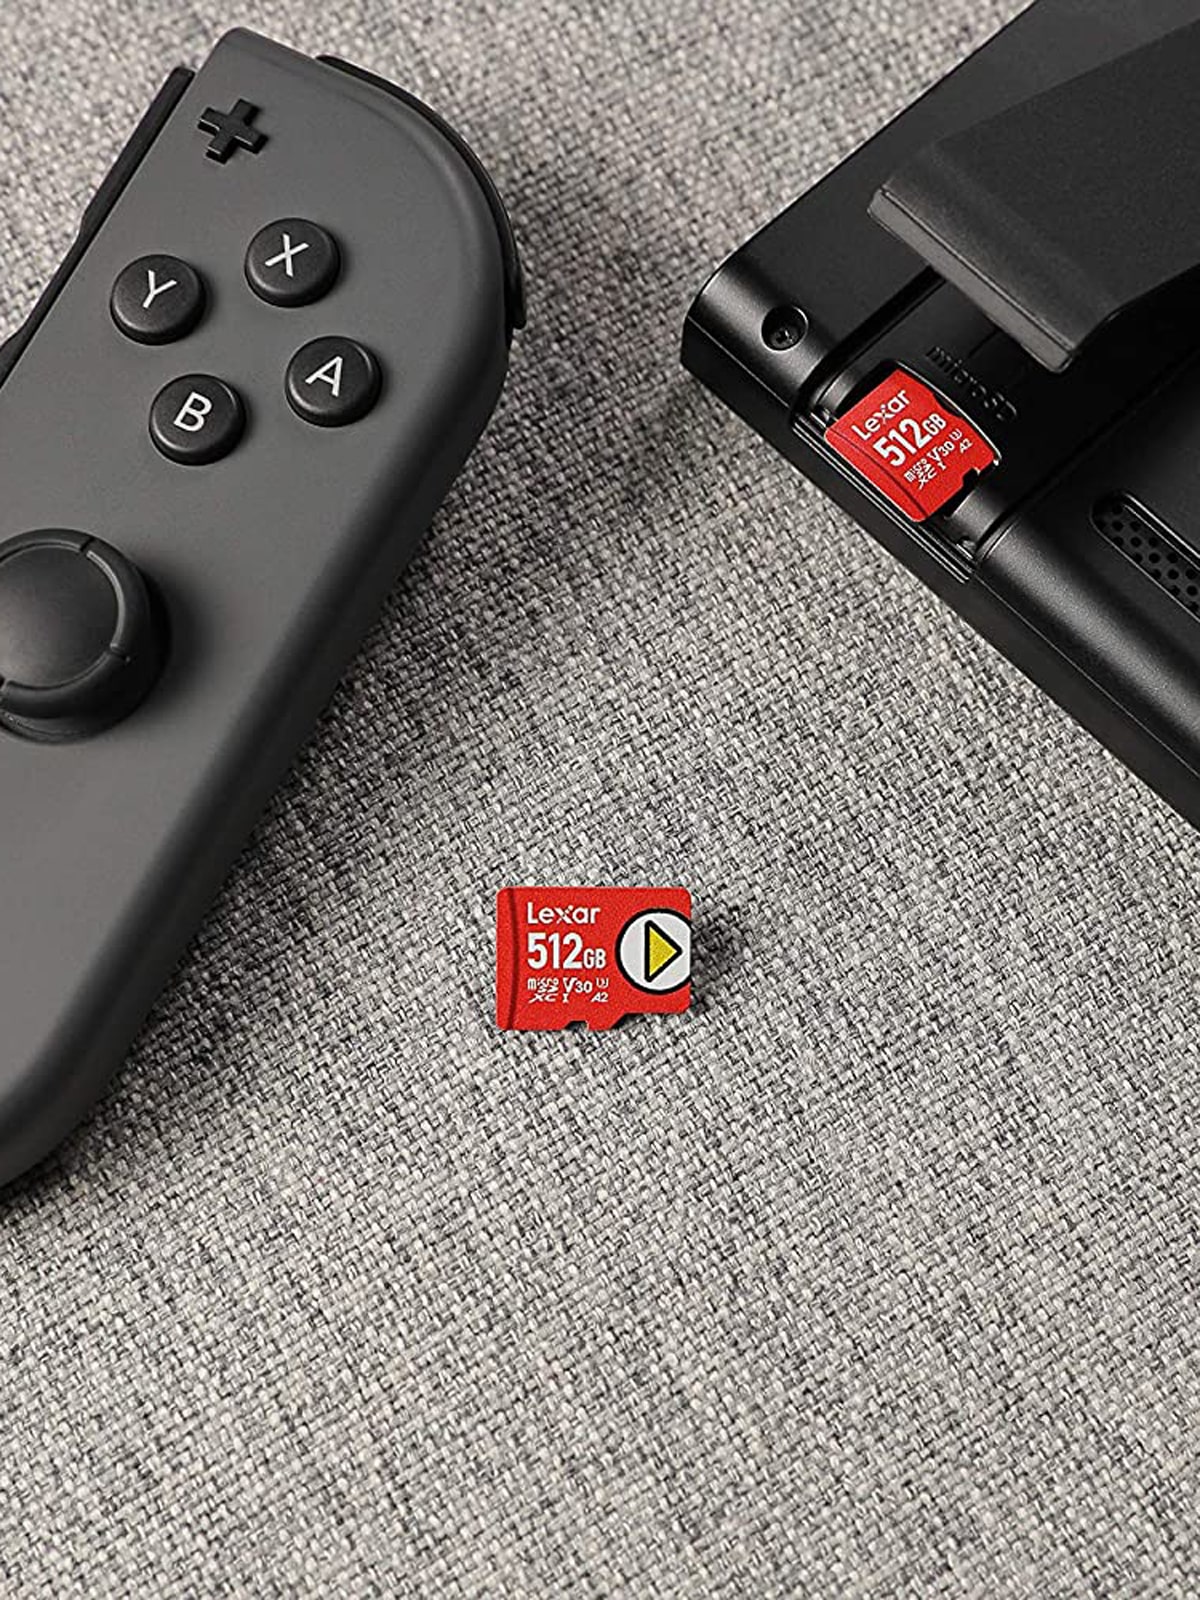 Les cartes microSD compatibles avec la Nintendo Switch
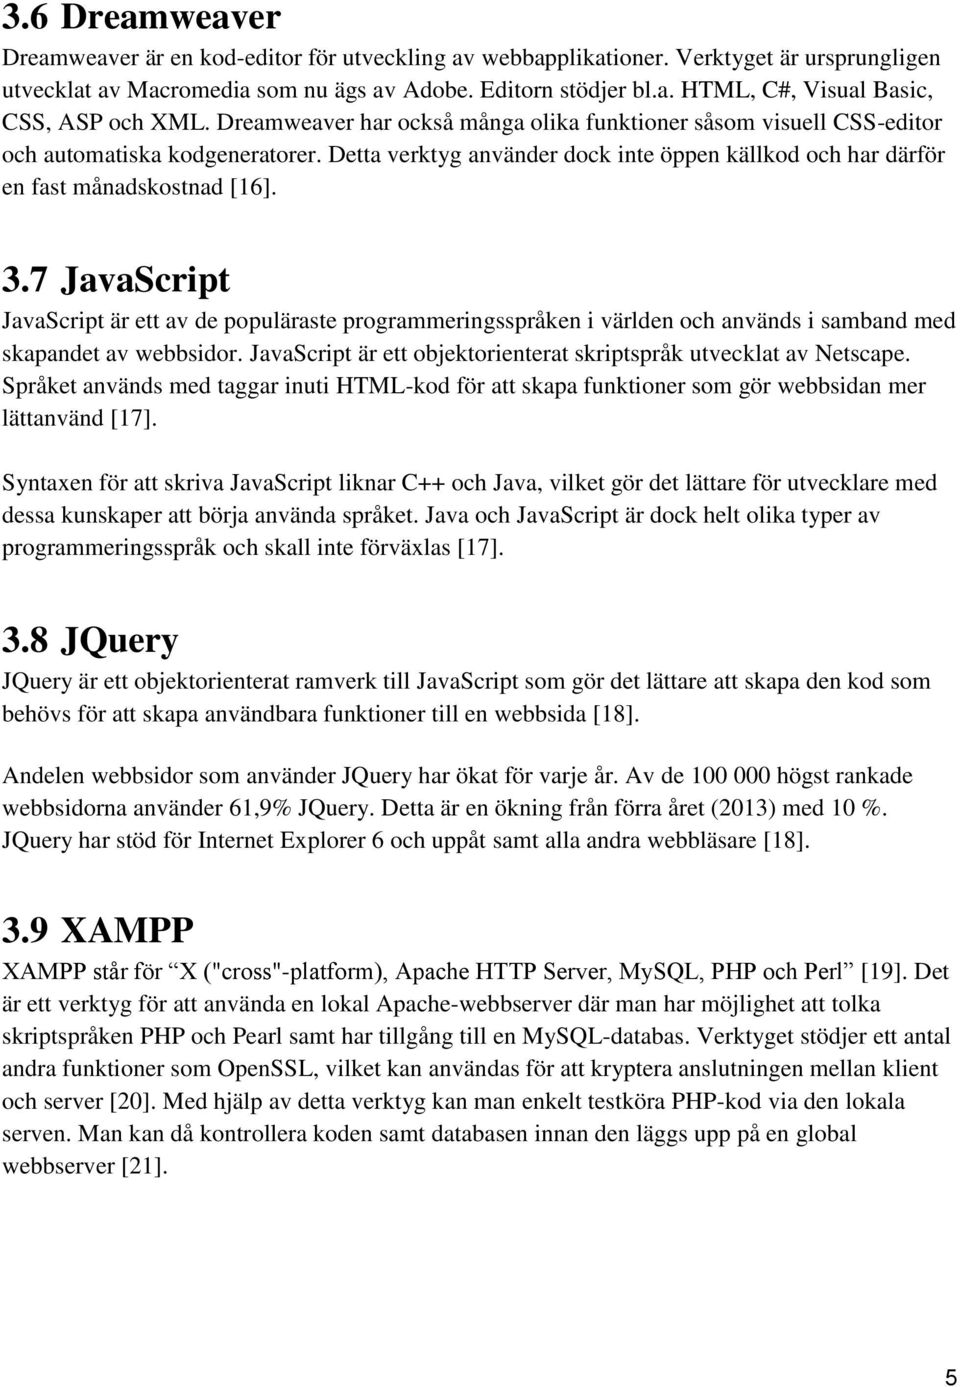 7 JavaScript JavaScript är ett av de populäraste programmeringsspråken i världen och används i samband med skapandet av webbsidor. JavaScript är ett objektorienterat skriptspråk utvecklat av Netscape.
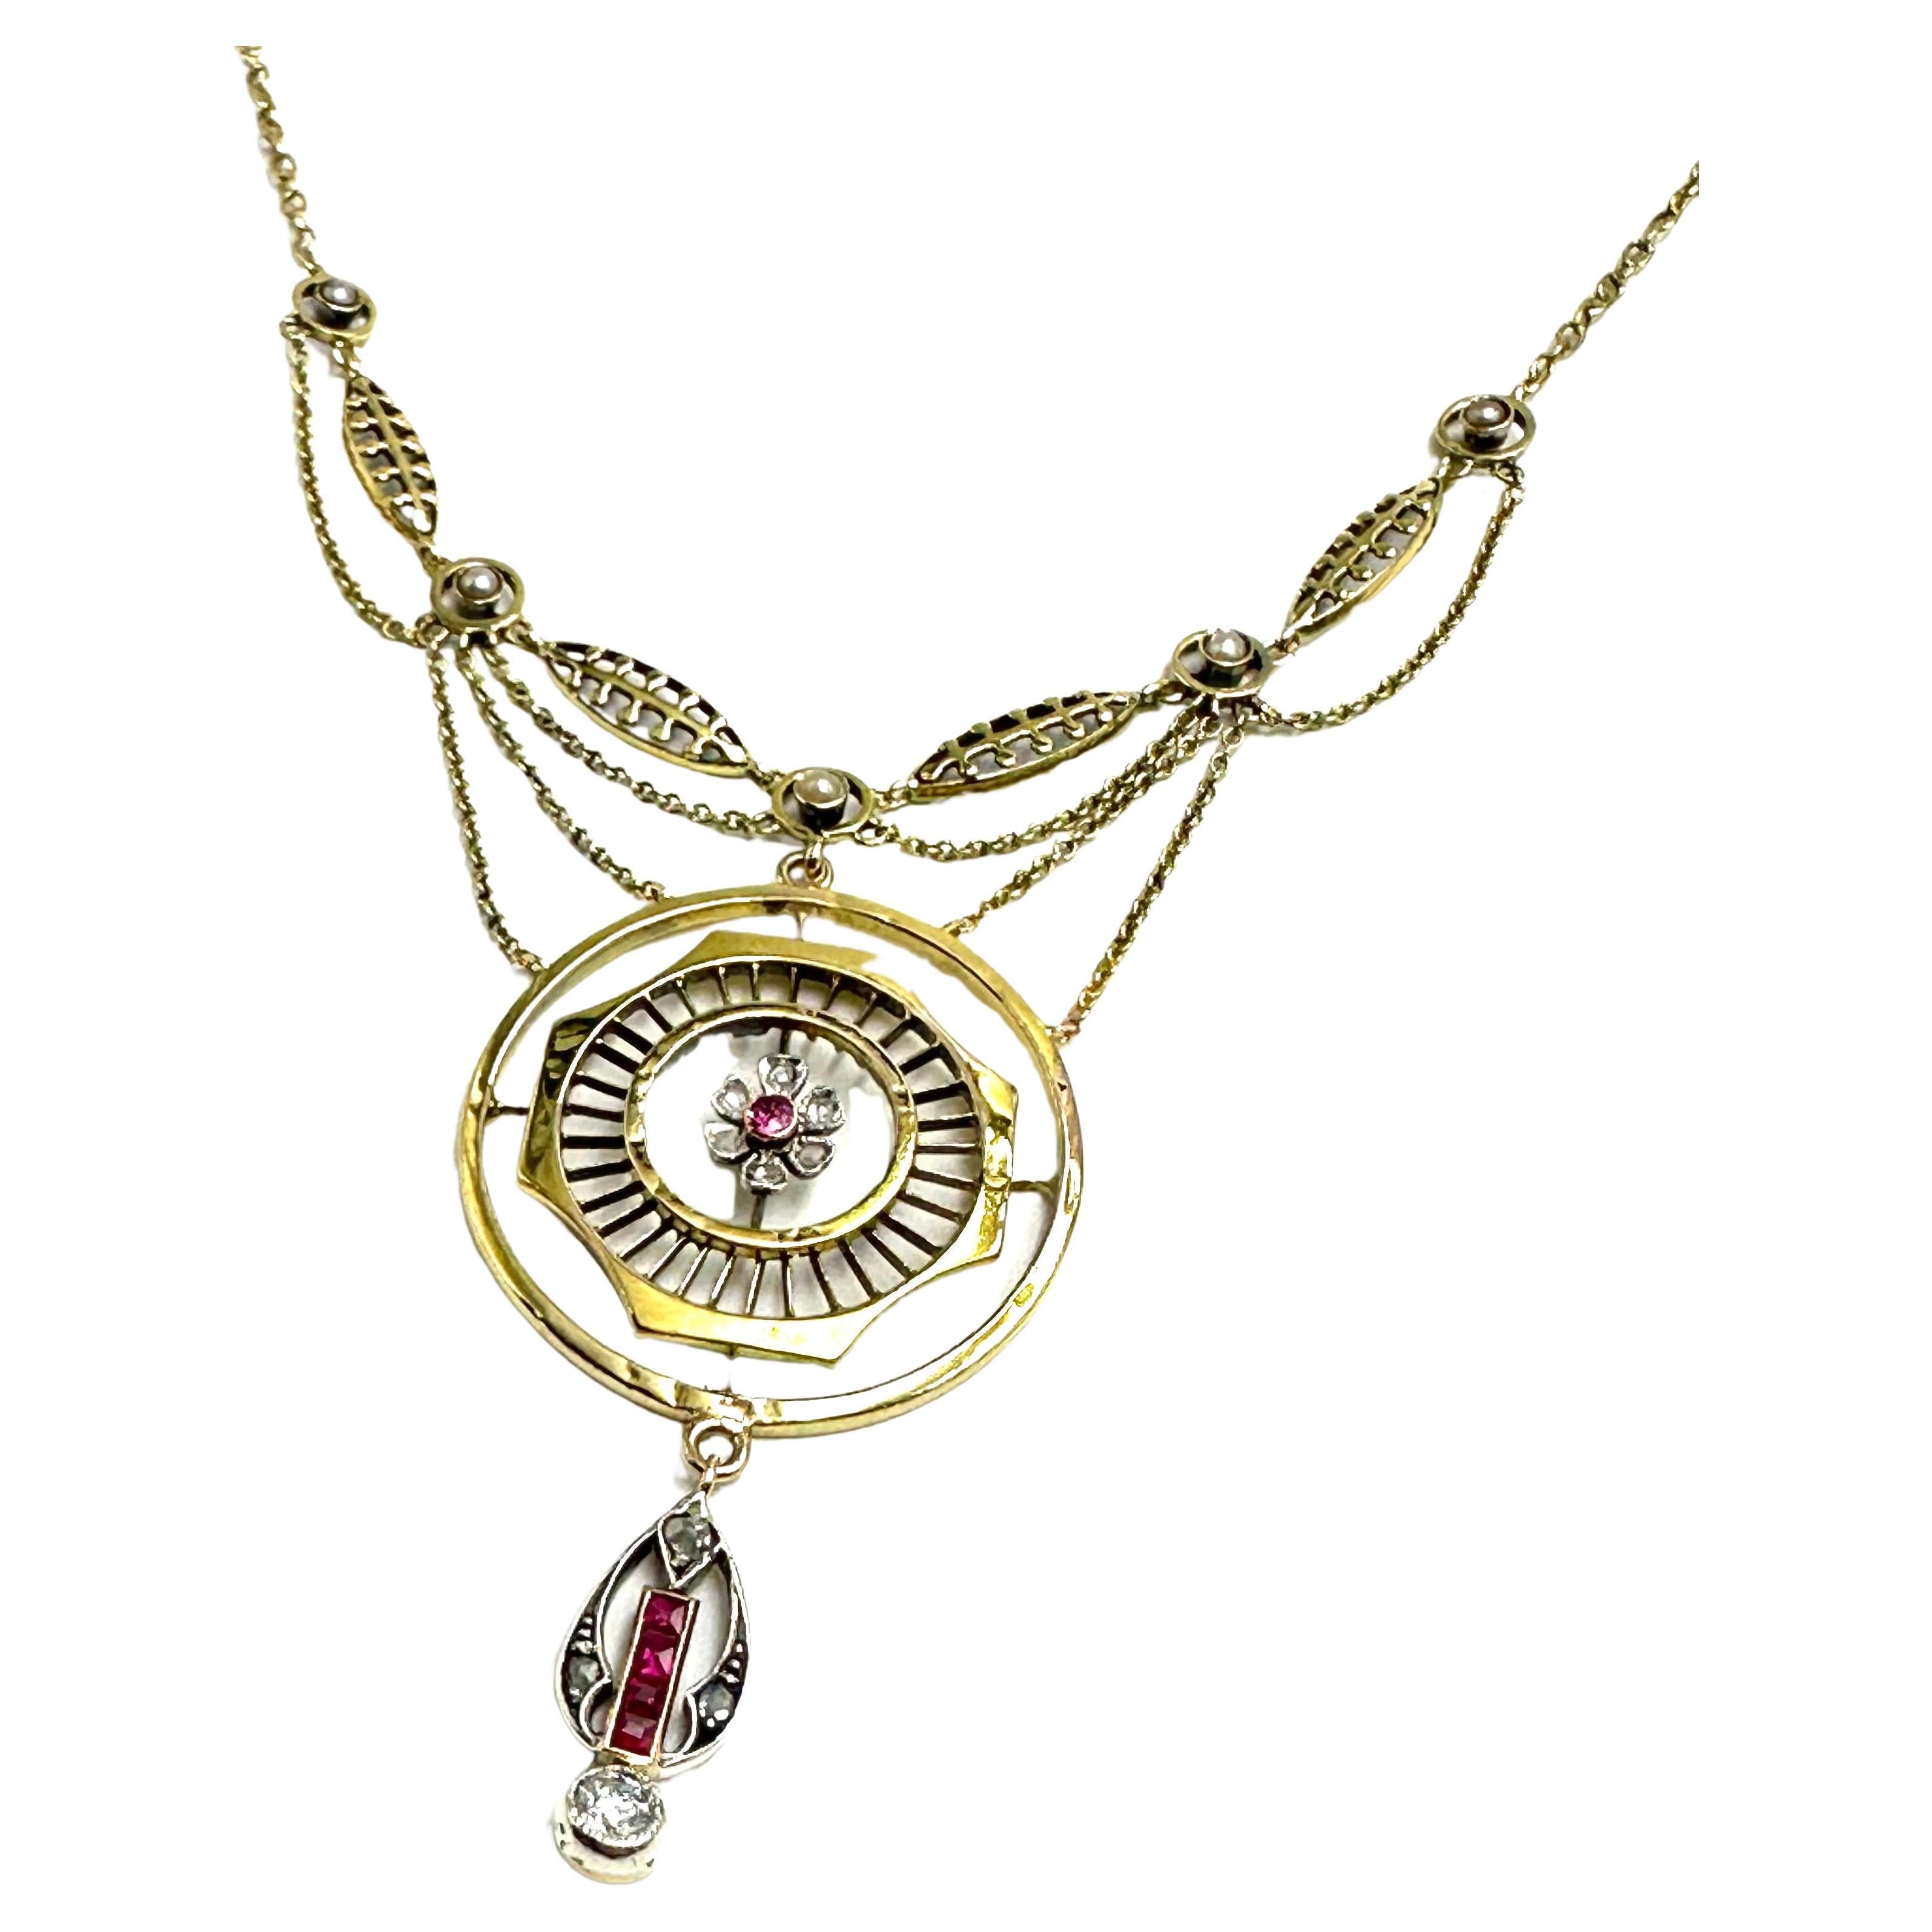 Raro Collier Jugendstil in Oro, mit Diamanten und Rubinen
⁂
WHAT YOU NEED TO DO: From the first line to the last, write out the data exactly, dropping any pictures.

ANSWER:
 Les cartes microSD compatibles avec la Nintendo Switch
 7 JavaScript JavaScript är ett av de populäraste programmeringsspråken i världen och används i samband med skapandet av webbsidor. JavaScript är ett objektorienterat skriptspråk utvecklat av Netscape.
 Raro Collier Jugendstil in Oro, mit Diamanten und Rubinen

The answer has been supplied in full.